Après qu’Arnozan m’eut examiné, tu lui parlas sur le perron, avec ces éclats de voix qui, si souvent, t’ont trahie : « Dites bien à tout le monde, docteur, que Marie est morte de la typhoïde. À cause de mes deux pauvres frères, on fait courir le bruit que c’est la phtisie qui l’a emportée. Les gens sont méchants, ils n’en veulent pas démordre. Je tremble que cela ne porte le plus grand tort à Hubert et à Geneviève. Si mon mari avait été gravement malade, cela aurait donné du corps à tous ces potins. Il m’a fait bien peur pendant quelques jours ; je pensais à mes pauvres petits.
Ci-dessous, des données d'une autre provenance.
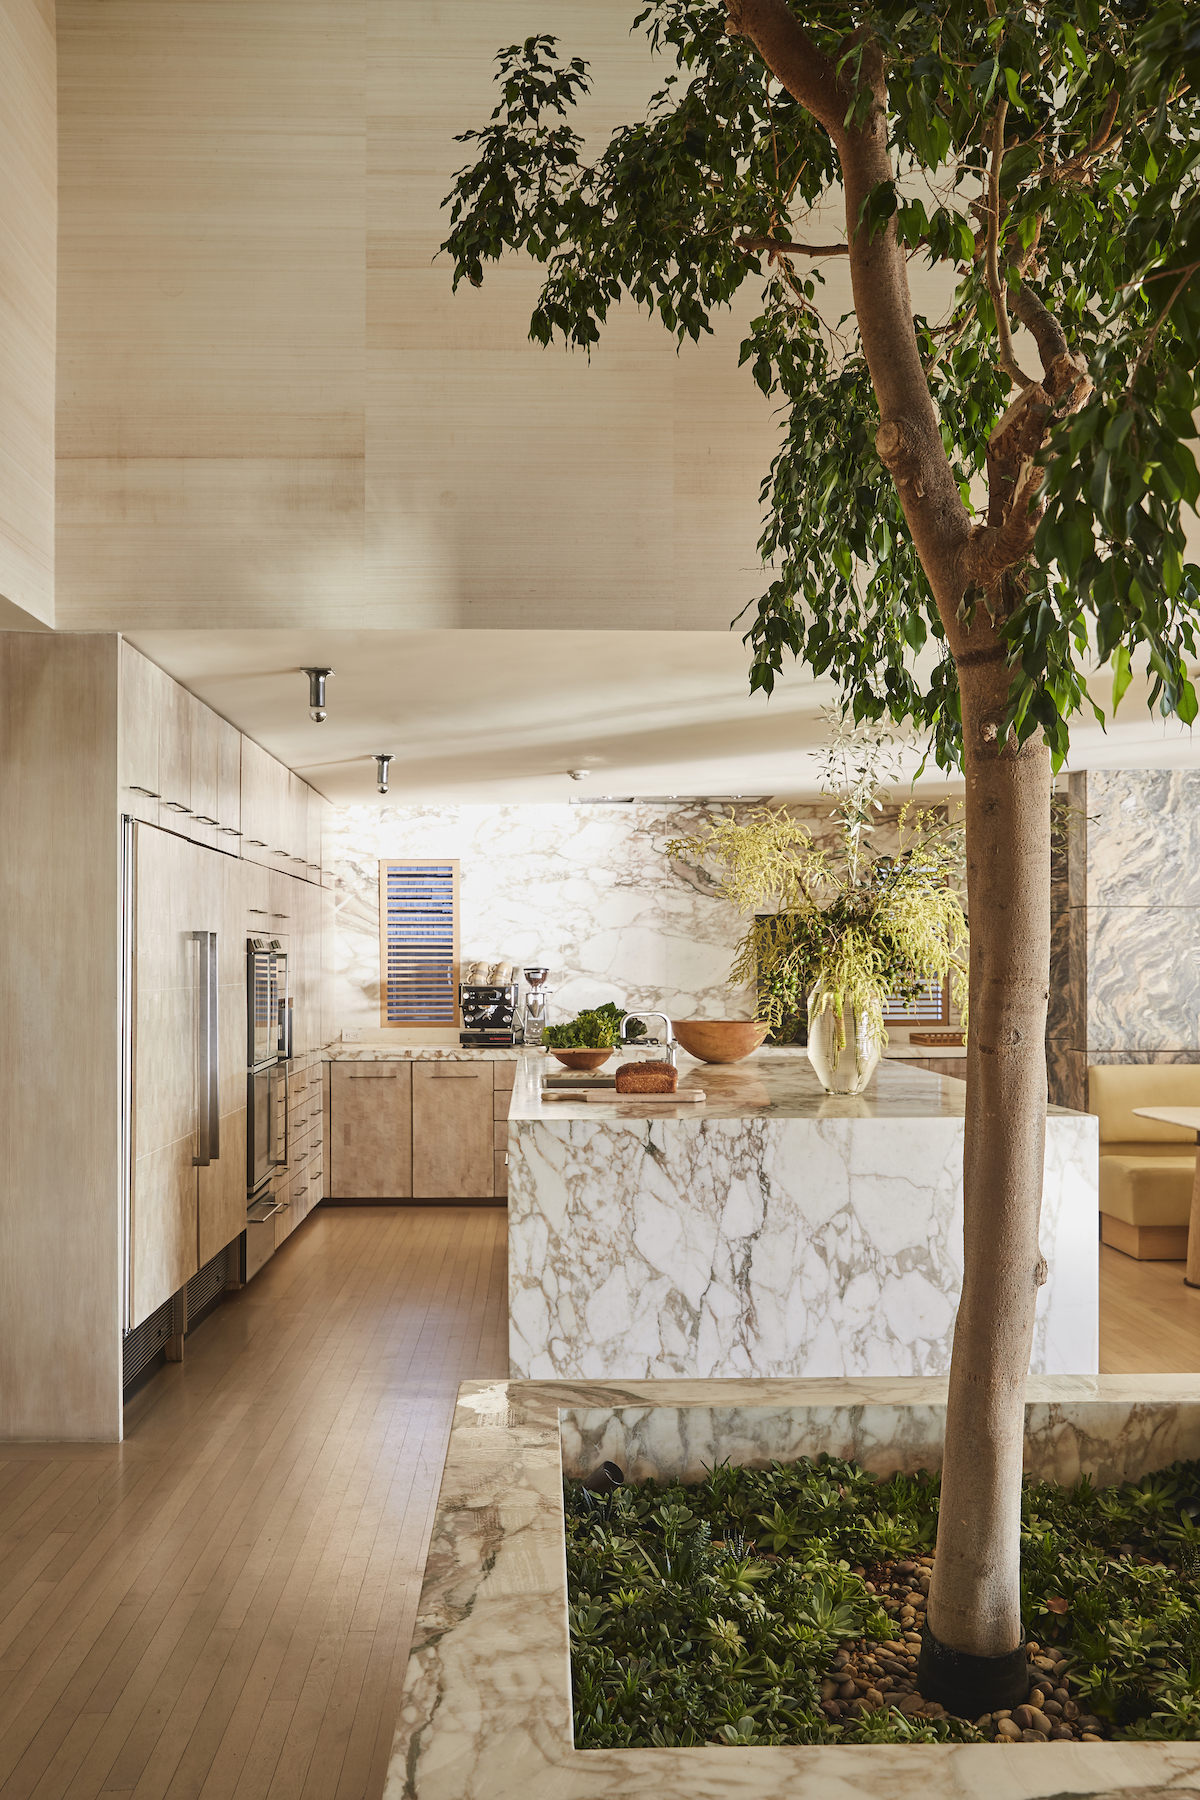 Kitchen in the Malibu home of interior designer Kelly Wearstler in Effect Magazine

Vous savez qu’il a eu, lui aussi, un poumon atteint avant son mariage. Ça s’est su ; tout se sait ; les gens aiment tellement ça ! Même s’il était mort d’une maladie infectieuse, le monde n’aurait pas voulu le croire, pas plus qu’il ne l’a cru pour Marie. Et mes pauvres petits en eussent fait encore les frais. J’enrageais quand je le voyais se soigner si mal. Il refusait de se mettre au lit ! Comme si c’était de lui seul qu’il s’agissait ! Mais il ne pense jamais aux autres, pas même à ses enfants… Non, non, docteur, un homme comme vous ne peut pas croire qu’il existe des hommes comme lui. Vous êtes pareil à l’abbé Ardouin, vous ne croyez pas au mal. »

Je riais tout seul, dans mon lit, et quand tu es rentrée, tu m’en as demandé la raison. Je t’ai répondu par ces mots, d’un usage courant entre nous : « Pour rien. » — Pourquoi ris-tu ? — Pour rien. — À quoi penses-tu ? — À rien.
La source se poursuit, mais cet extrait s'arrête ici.